Цель тайных переговоров Бибикова была представлена в секретной инструкции из девяти пунктов, подписанной Екатериной II 10 ноября 1762 года. Смысл бумаги – что Александру Ильичу велено отправиться в Холмогоры и, пробыв там сколько нужно, осмотреть «содержание (принцев), все нынешнее состояние, то есть: дом, пищу и чем они время провождают, и ежели придумаете к их лучшему житью и безнужному в чем-либо содержанию, то нам объявить, возвратясь, имеете». Однако главная задача Бибикова заключалась в том, чтобы уговорить принца Антона-Ульриха принять освобождение и уехать одному, «а детей его для тех же государственных резонов, которые он, по благоразумию своему, понимать сам может, до тех пор освободить не можем, пока дела наши государственные не укрепятся в том порядке, в котором они к благополучию империи нашей новое свое положение теперь приняли».
В переводе с «гладкого» языка инструкции это означало, что захватившая престол Екатерина II опасается тех, кто, несомненно, имеет на него больше прав: прямых потомков Ивана V, правнучатых племянников и племянниц Петра Великого (и имена их фамильные – Иван, Петр, Алексей, Екатерина, Елизавета!). Принц Антон не опасен – он имеет не больше прав, чем сама Екатерина II; он не потомок законных царей, а только супруг. Екатерина наставляла Бибикова «особливо примечать… детей нравы и понятия».
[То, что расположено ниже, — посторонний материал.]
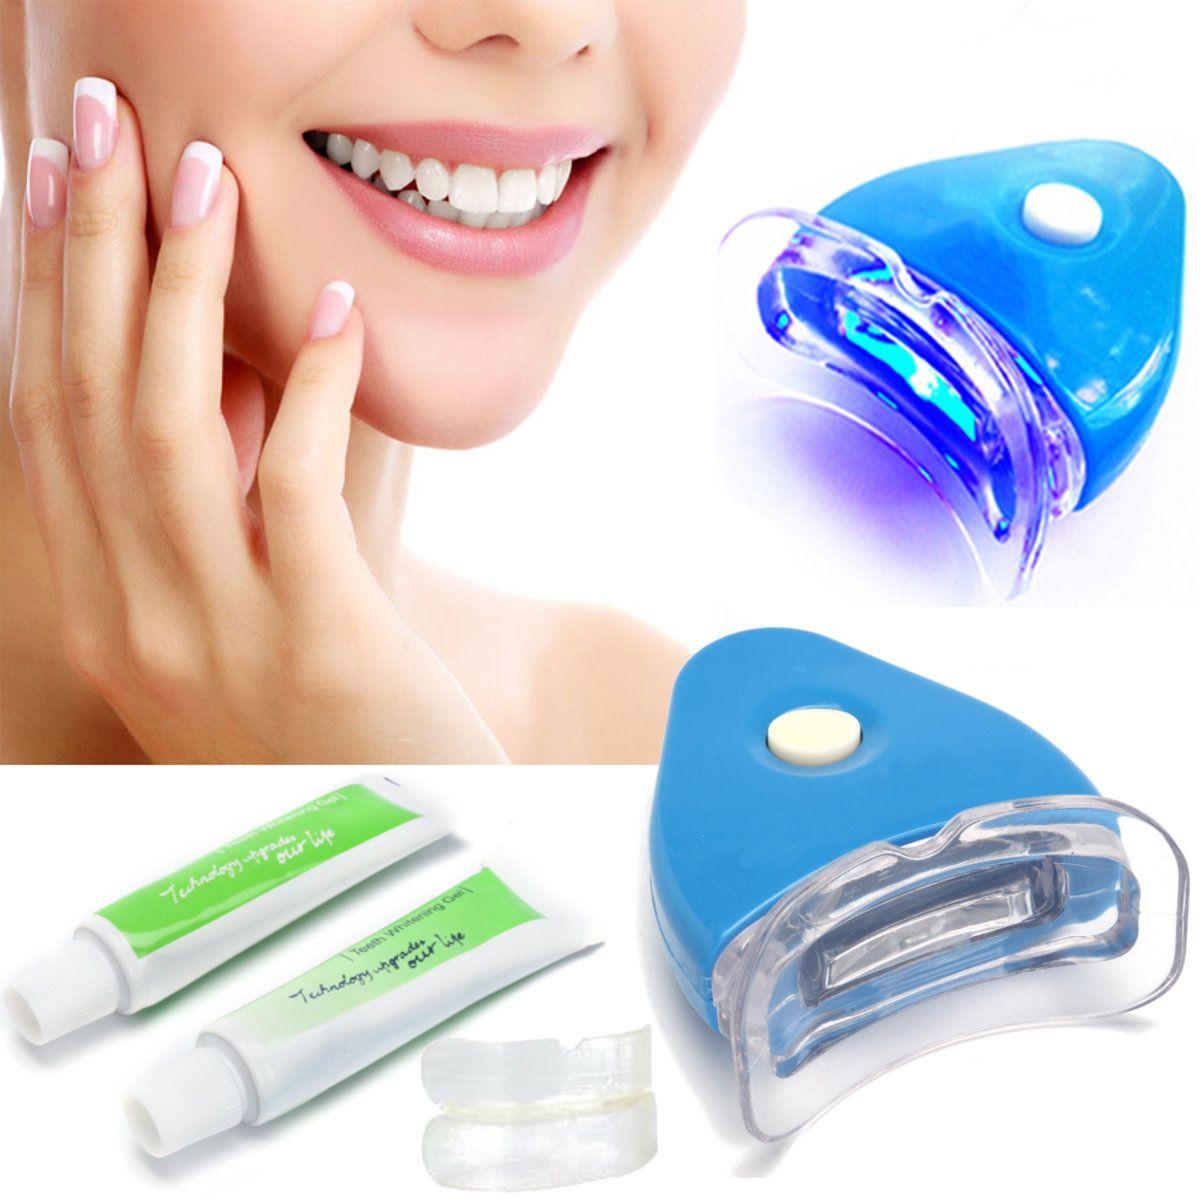 جهاز تبييض الاسنان Blanchir Les Dents Dentaire Blanchiment Dentaire

Царица, впрочем, серьезно не надеялась, что отец бросит детей, и много лет спустя сын Бибикова вот что напишет в своих воспоминаниях: «Главнейшая цель сделанного Александру Ильичу препоручения состояла в том, чтоб, вошед в доверенность принца и детей его, узнал способности, мнения каждого, о чем при начале еще не утвержденного ее правления нужно было иметь сведения. Откровенность, веселый нрав и ловкое обращение уполномоченного доставили ему в сем совершенный успех. Но все усилия его склонить принца Антона разлучиться с детьми были напрасны, а потому Александр Ильич старался по крайней мере смягчить, даже некоторым образом усладить его состояние. Хотя все сие и действительно предписано в данной ему от человеколюбивой государыни инструкции, но особенная ревность его в исполнении сей статьи была такова, что отправился в обратный путь благословляем и осыпан живейшими знаками уважения и самой приязни от всех принцев и принцесс».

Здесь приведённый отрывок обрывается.